Il me semble qu’il y a deux propositions qui ont retenu mon attention. Il y d’abord l’importance qui a été accordée par Cédric Villani et ensuite par Emmanuel Macron dans son discours, à l’éthique. Et ça c’est une question qui me semble importante. Ça fait maintenant six ans que je fais partie d’un comité d’éthique qui s’appelle la CERNA et la CERNA, qui est un comité d’éthique sur la recherche en sciences et en technologie du numérique, a un champ d’action qui est beaucoup trop limité puisque c’est uniquement l’éthique de la recherche. Et il y a énormément de questions éthiques qui se posent autour de l’informatique et autour de l’intelligence artificielle et donc ça fait longtemps avec le CCNE, le Conseil national d’éthique, avec la CNIL, que nous appelons à la création d’un grand comité d’éthique qui serait l’équivalent pour l’informatique et pour l’intelligence artificielle de ce que le CCNE est pour les sciences de la vie et pour la médecine. Et donc là, j’ai trouvé que le fait que cette proposition soit reprise par le rapport Villani est une très bonne chose.

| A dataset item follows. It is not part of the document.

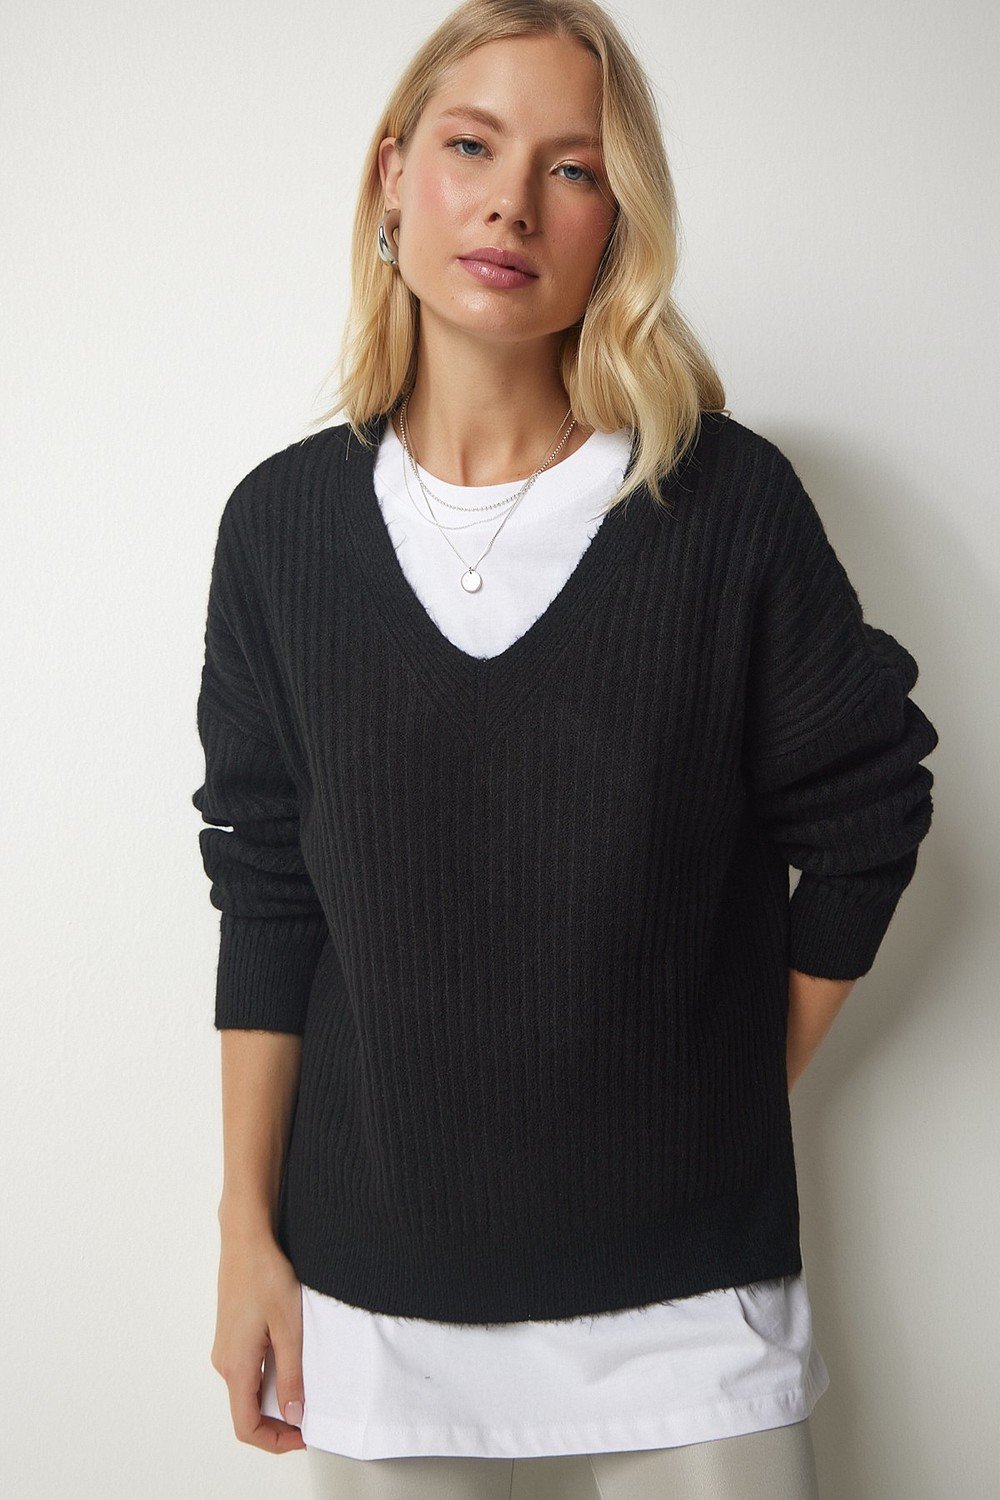 Happiness İstanbul Women's Black V-Neck Textured Knitwear Sweater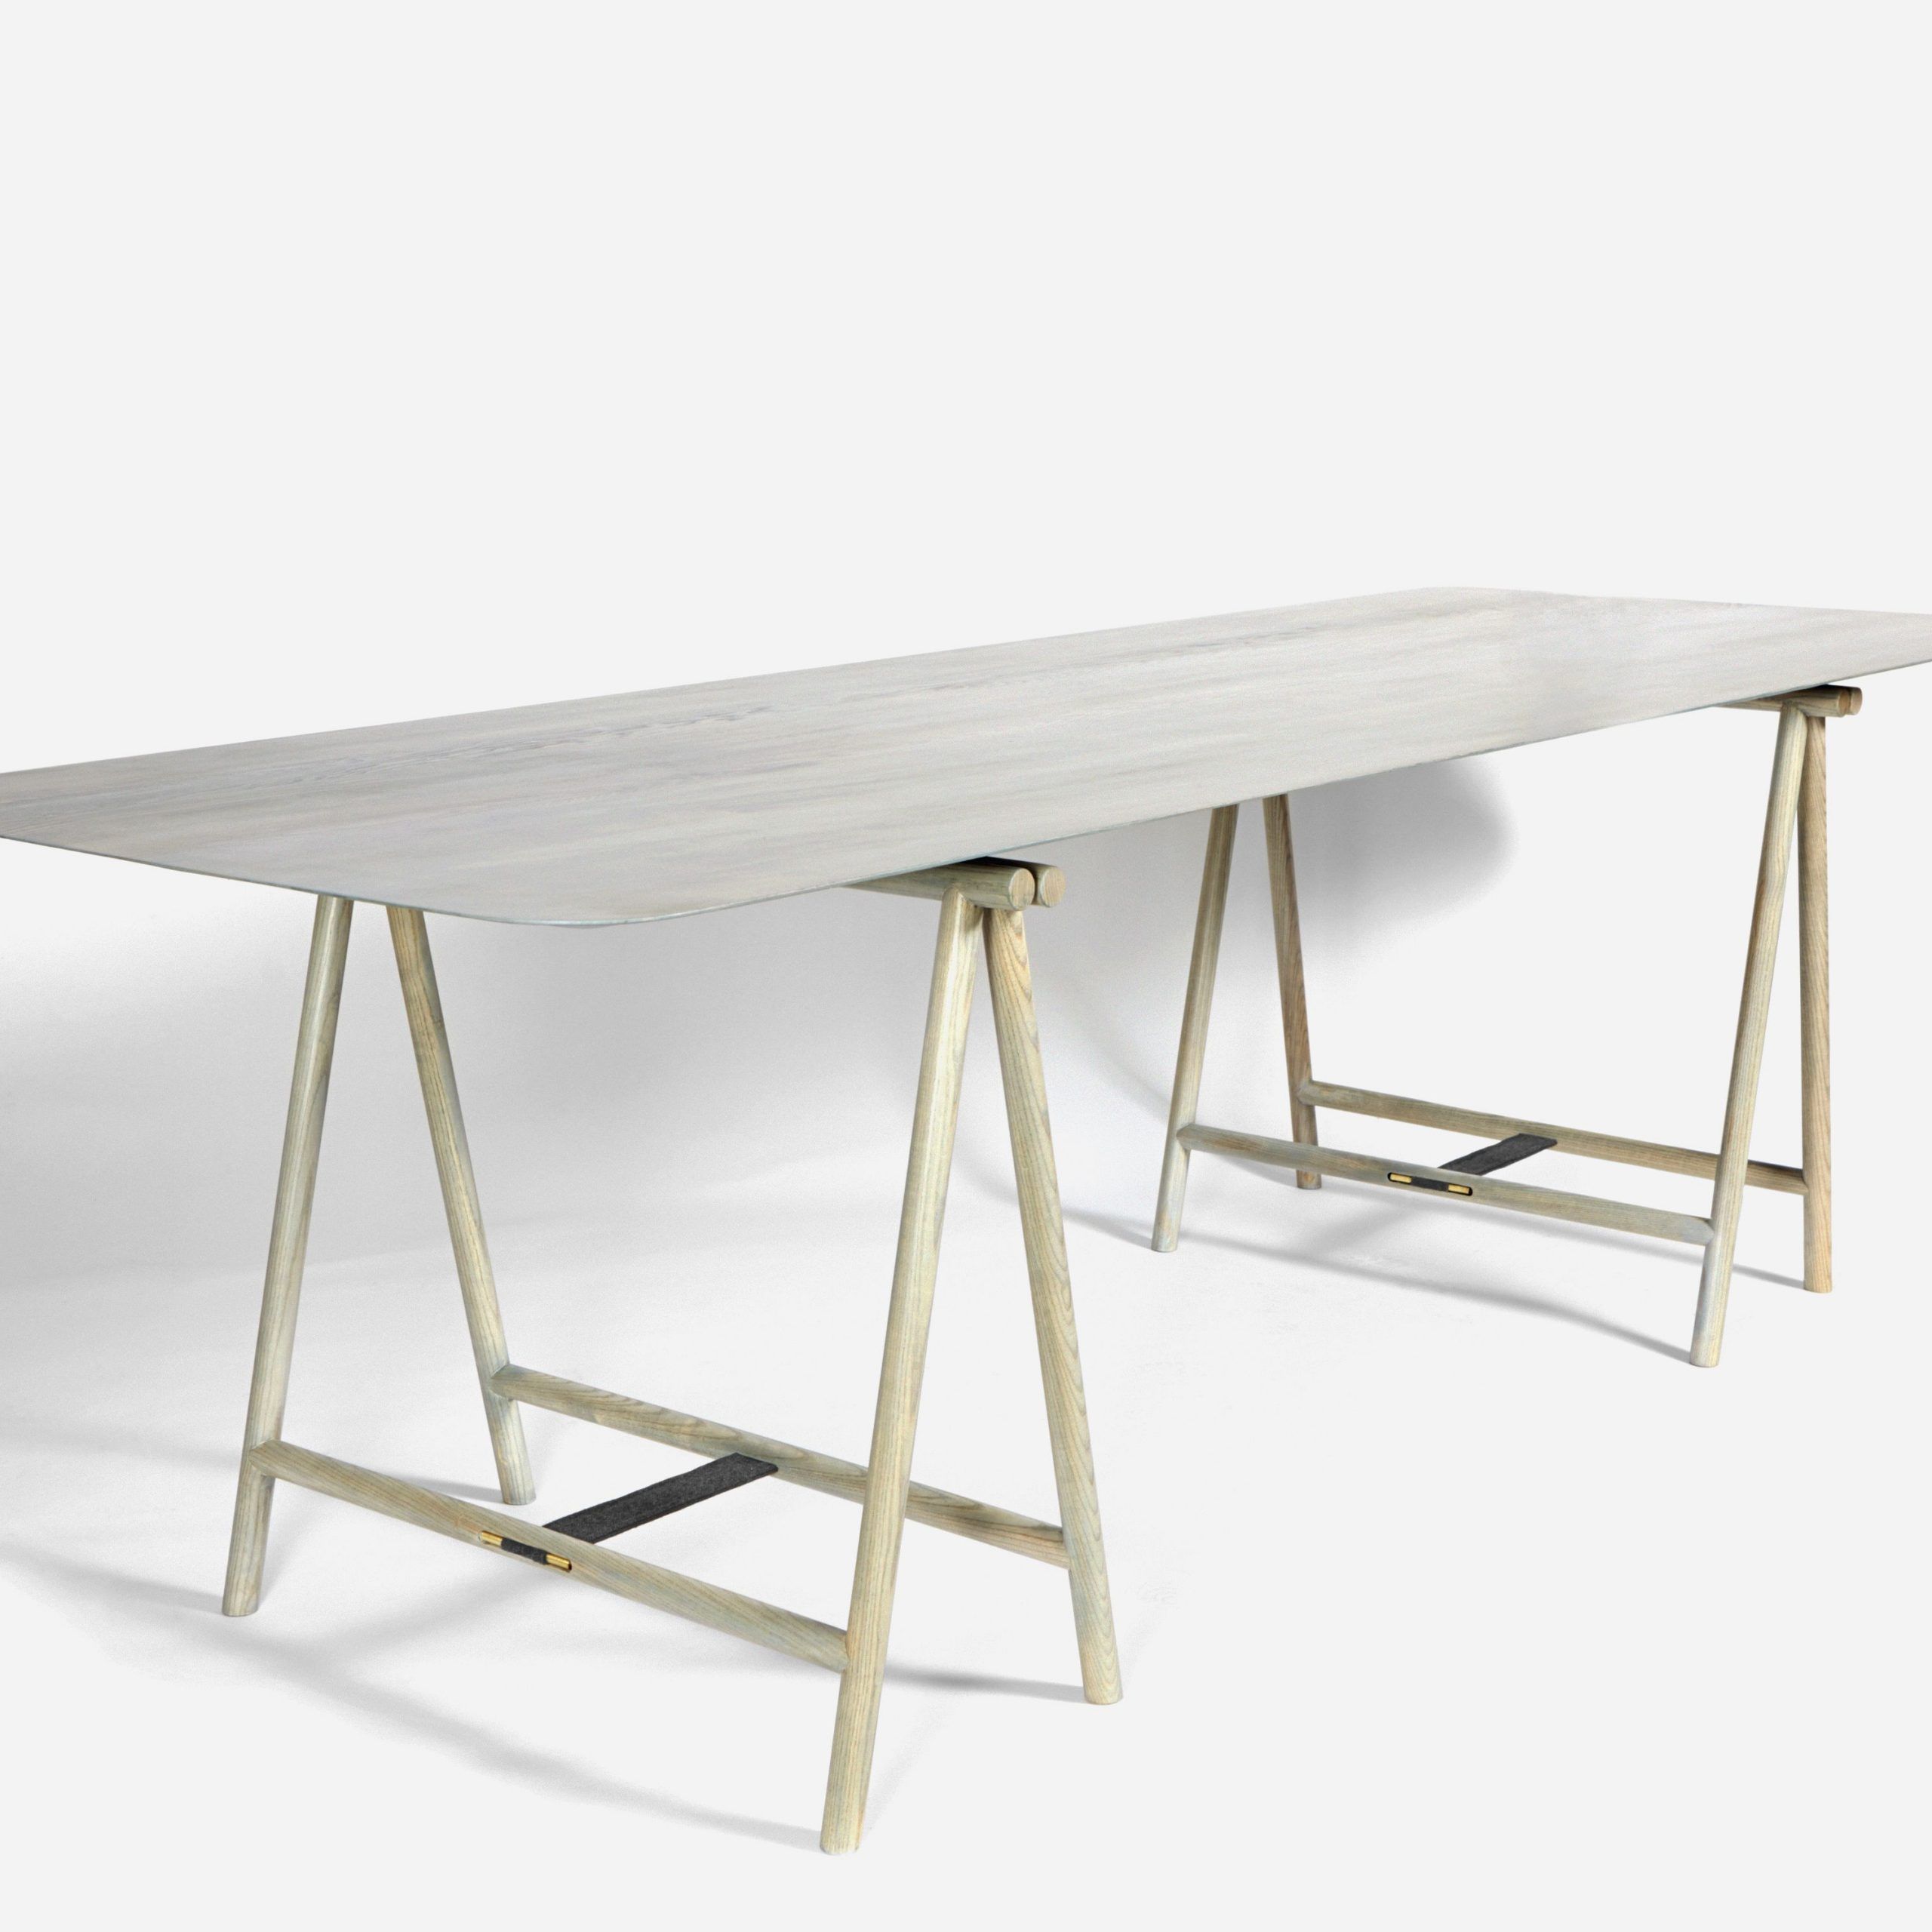 Faye Toogood | Simple •• Design | Trestle Table, Table Intended For 2017 Faye Dining Tables (View 8 of 25)

À l’inverse, j’ai trouvé que le rapport était un tout petit mou sur une autre question qui est la question de l’éducation et également, c’est un des points qui a peu été repris dans le discours d’Emmanuel Macron et quand il est repris il est souvent présenté comme un problème exclusivement d’enseignement supérieur : il faut davantage de doctorants, etc. Tout cela est vrai, mais je crois que nous sommes face à une révolution scientifique qui est comparable et peut-être supérieure, en importance, à la conquête de l’espace. Vous vous souvenez que quand les Russes, en 1957, ont envoyé leur premier Spoutnik, les Américains étaient absolument paniqués, les Européens étaient absolument paniqués, et ils ont eu une réaction qui, à mon sens, était la bonne réaction qui était de dire « il ne s’agit pas de recruter cinq experts spatiaux de plus, il faut que notre population générale ait un niveau scientifique qui soit beaucoup plus grand ». Et donc c’est à ce moment-là que l’enseignement des sciences est devenu une priorité en Europe et en Amérique du Nord et c’est là qu’il y a eu les célèbres maths modernes – dont on peut à priori penser que peut-être ce n’était pas la meilleure idée –-, mais en tout en cas il y avait une véritable volonté de partager les connaissances, que tout le monde se saisisse des questions scientifiques. Et je trouve un petit peu dommage que ce rapport tombe à un moment où, dans la réforme du lycée, en gros on propose de supprimer les sciences au lycée, c’est-à-dire de rendre les humanités obligatoires – ce qui est tout à fait normal, je veux dire c’est tout à fait normal que tout le monde apprenne un petit peu de français, un petit peu d’histoire, un petit peu de philosophie et je m’en réjouis –, mais qui rend l’enseignement des sciences facultatif. Et là, je crois que nous tournons le dos à devenir, j’ai oublié le mot que vous avez employé.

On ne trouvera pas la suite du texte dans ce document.